Wednesday, March 9, 2016

The Wait

     I lay here in bed with so many thoughts running through my head. I am tired..but this brain of mine simply won't stop. I think back about my life. Well mainly the last ten years. I wonder how I ever made it. I even kept my sanity intact(for the most part:) I question what kept me hanging on when I had absolutely no hope or fight left in me.
       I remember the pure exhaustion I felt with a 6 month old baby, a 3 year old and a seven year old. I was doing my best caring for them when my husband was in a four wheeler accident. It left him with a broken leg, the base of his skull was fractured, a complete fracture of C2 in his neck and a brain hemorrhage.  He was on a walker and in a halovest for some time after that.  I now had one more person that could not meet the majority of his needs.

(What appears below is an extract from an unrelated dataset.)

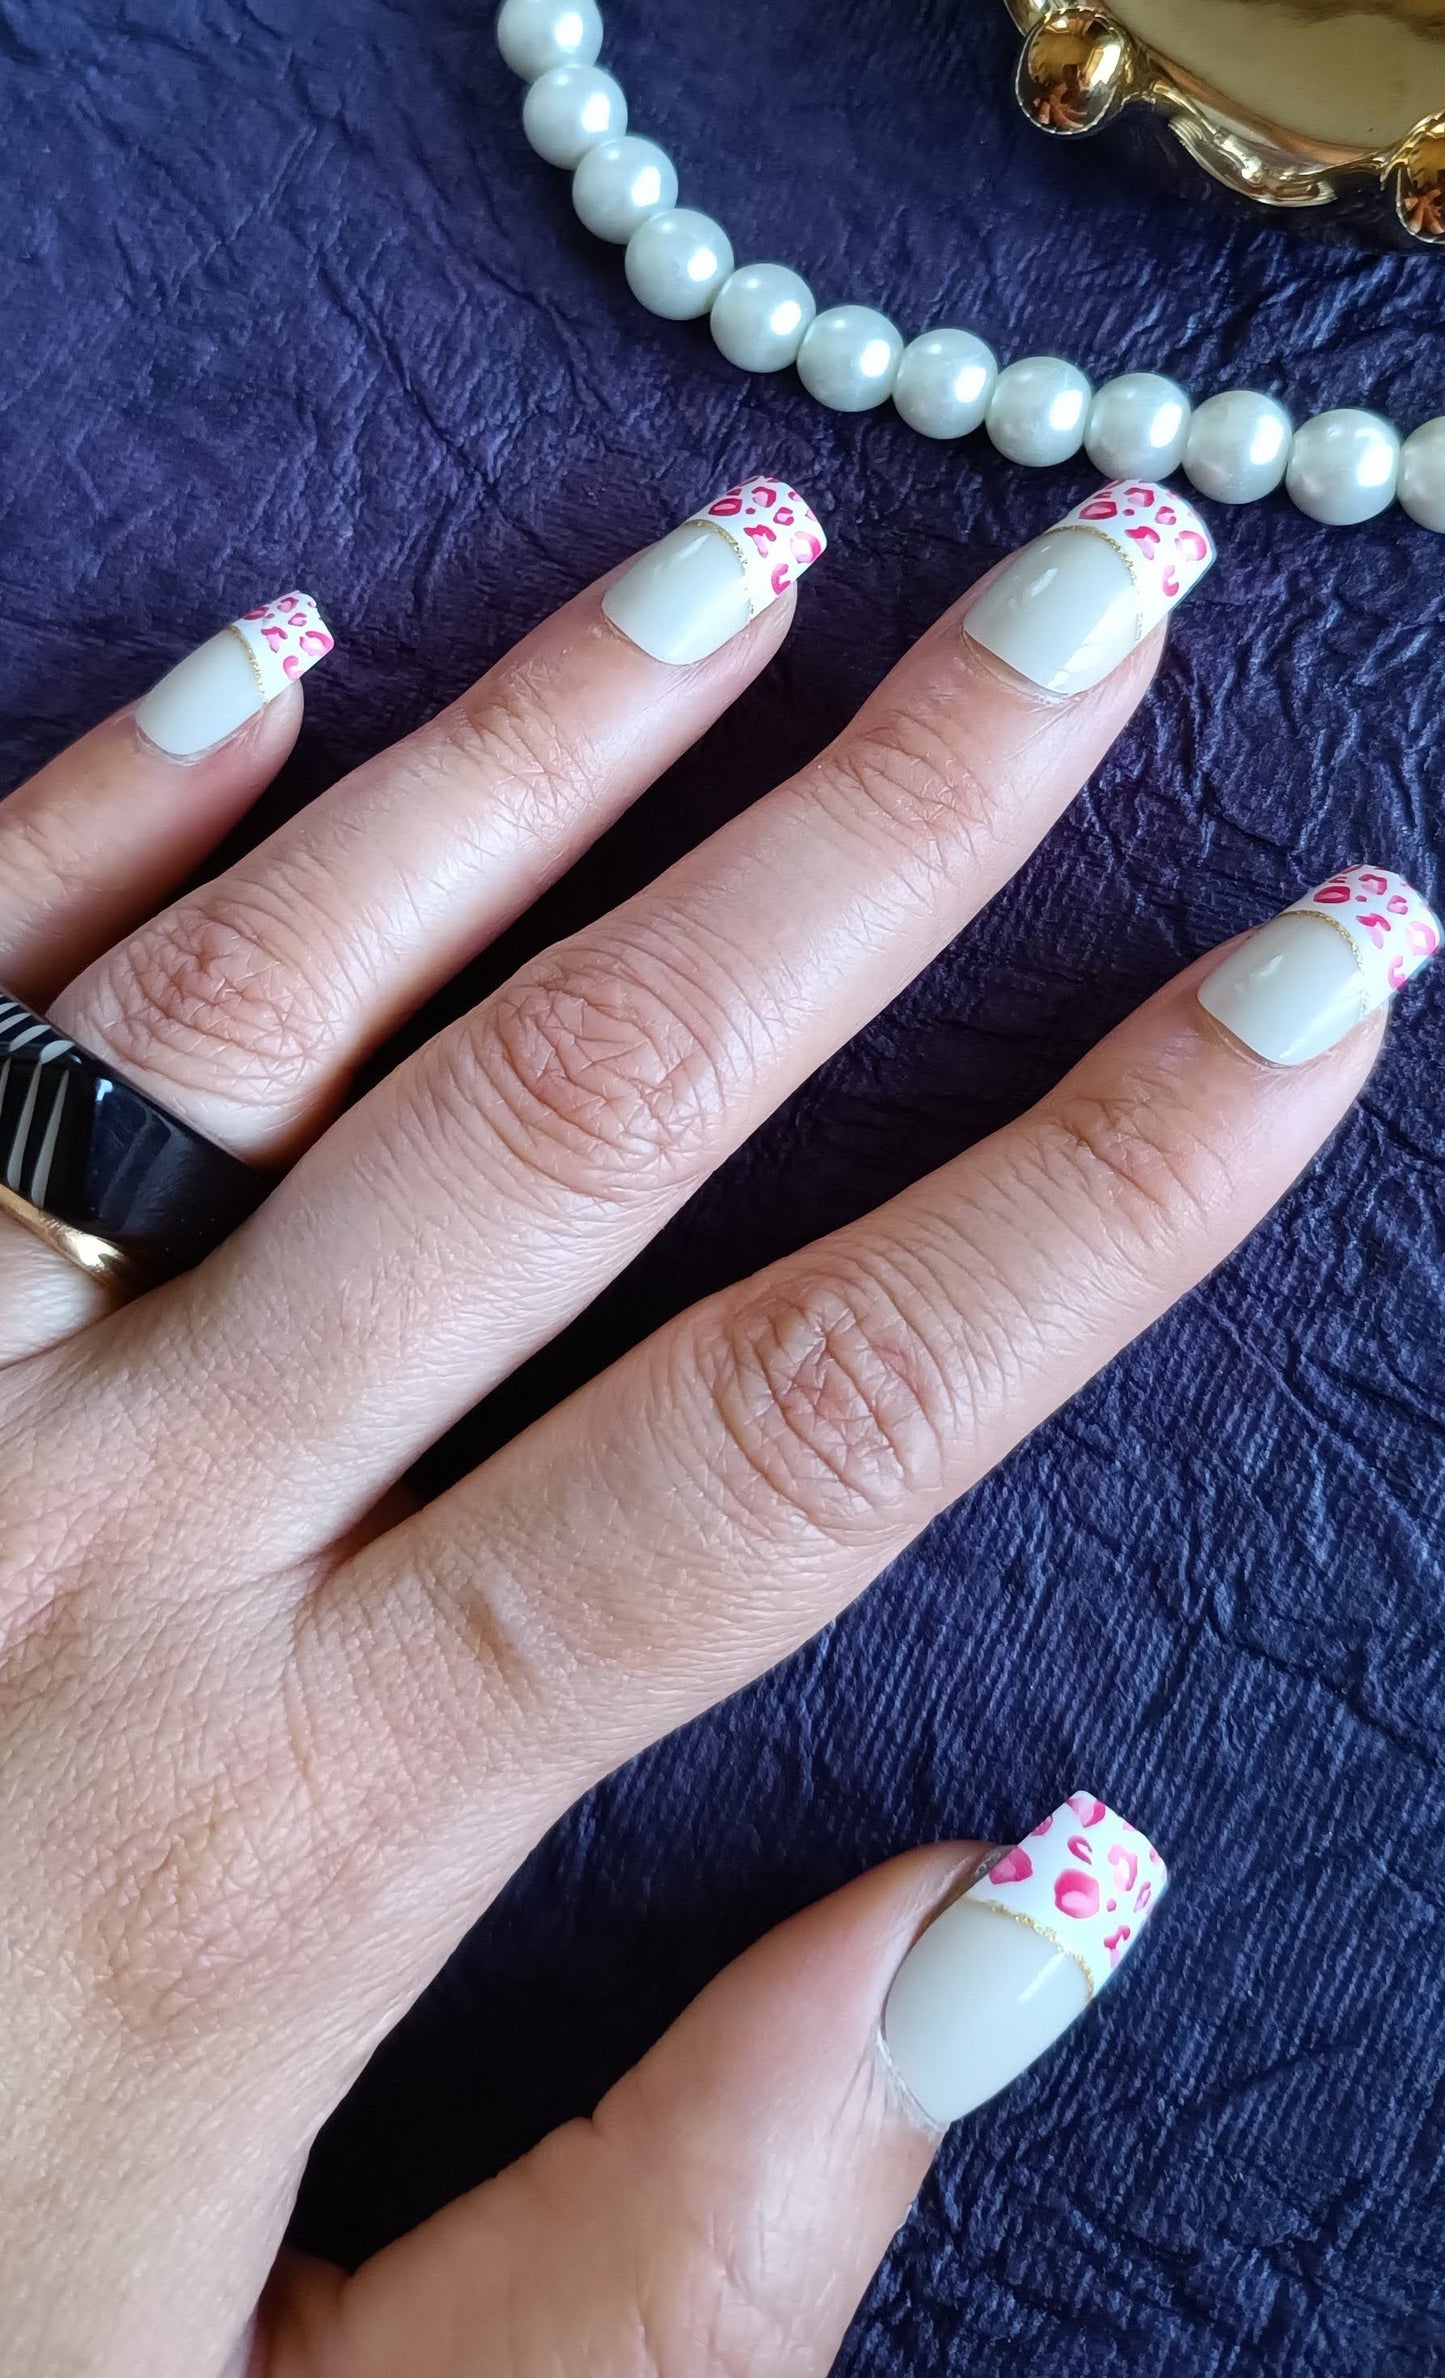 Acrylic/ Press-on Designer Nails with Glue Tabs | Artificial Nails Under 50  - Red-White French Tips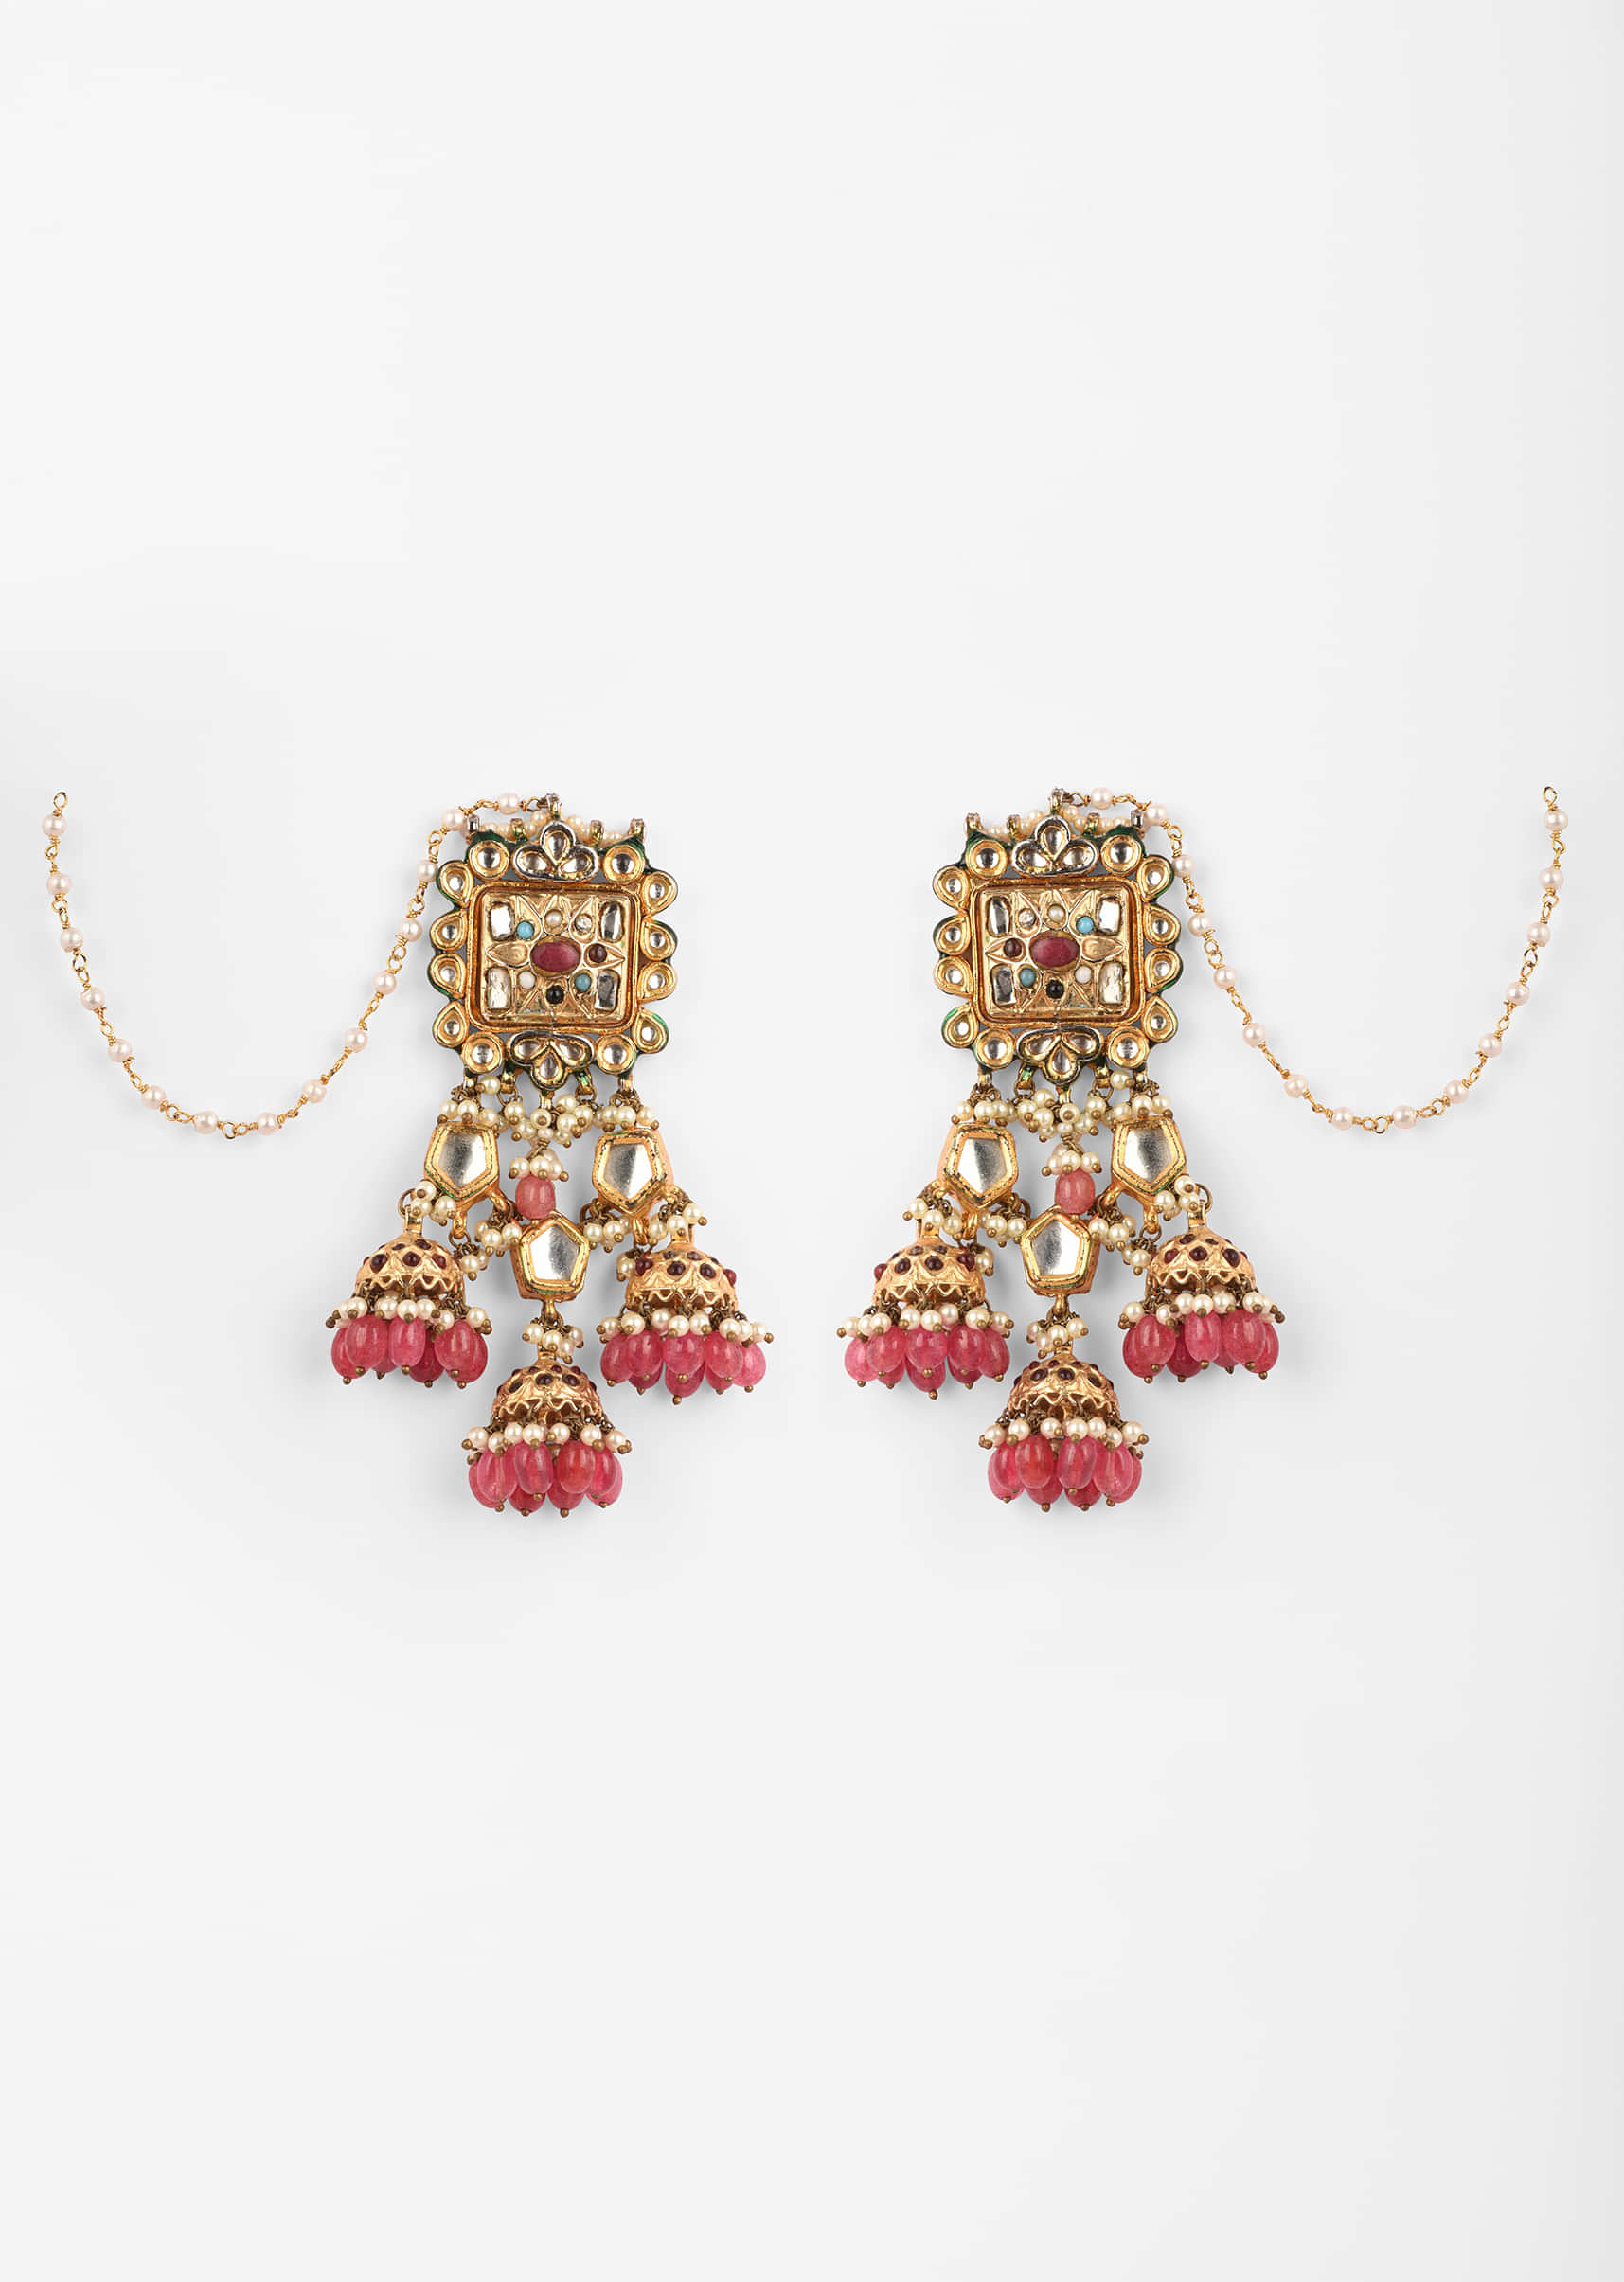 Gold Plated Earrings With Kundan Studded Square Motif And Dangling Jhumkas With Maroon Beads

We made it though.
        We also made it through pancreatitis, alcoholic chirrhosis, suicide attempts, detox centers, mental health stays, wrecked vehicles, assault charges, trespassing charges..DWI's, narcotic abuse and multiple rehabs.  My husband hated himself for many years. I lived in fear that I would find him dead. I worried everyday that he was going to kill himself. When the kids and I would get home from our day, I always went in first before them. Trying to prepare myself for what I might find.
        I was warped also. I spent a lot of my time digging through trashcans and looking for places in our home that he was stashing pills or alcohol..hiding money and his keys. I spent many nights driving around looking for him. Hoping I could find him before the cops did.  I spent so much of my time trying to keep peace in my home..walking on eggshells so that we didn't make him mad. So much of myself was determined to control him and his addictions. I really lost who I was. I was unable to focus on anything else in life other than this man who was an addict. This man I called my husband.
          I remember trying to figure out how we got to this place. We weren't always this way. This complete chaos didn't happen overnight. It was a culmination of bad decisions. Bad decisions that eventually controlled his life and mine.  I really believed that this is how we would always live our lives. Smiling day to day...yet miserable and lost on the inside. 
             But...that is not how our story is going to end. I REFUSE to let my story end that way. I know that I cannot control anything in my husbands life.  I don't even have the desire anymore to do so. What I can control is my own life. I determine my own happiness. I am concerned with my own walk with God. I know he has a plan for both of our lives. I don't know what his plan is...but I do know that he has buried our past! 
          So I will wait. Wait for God to give me back a heart filled with trust. Wait for him to give me complete peace in my life. Wait for him to lead my heart where it needs to be. Wait for him to direct my path how he sees fit.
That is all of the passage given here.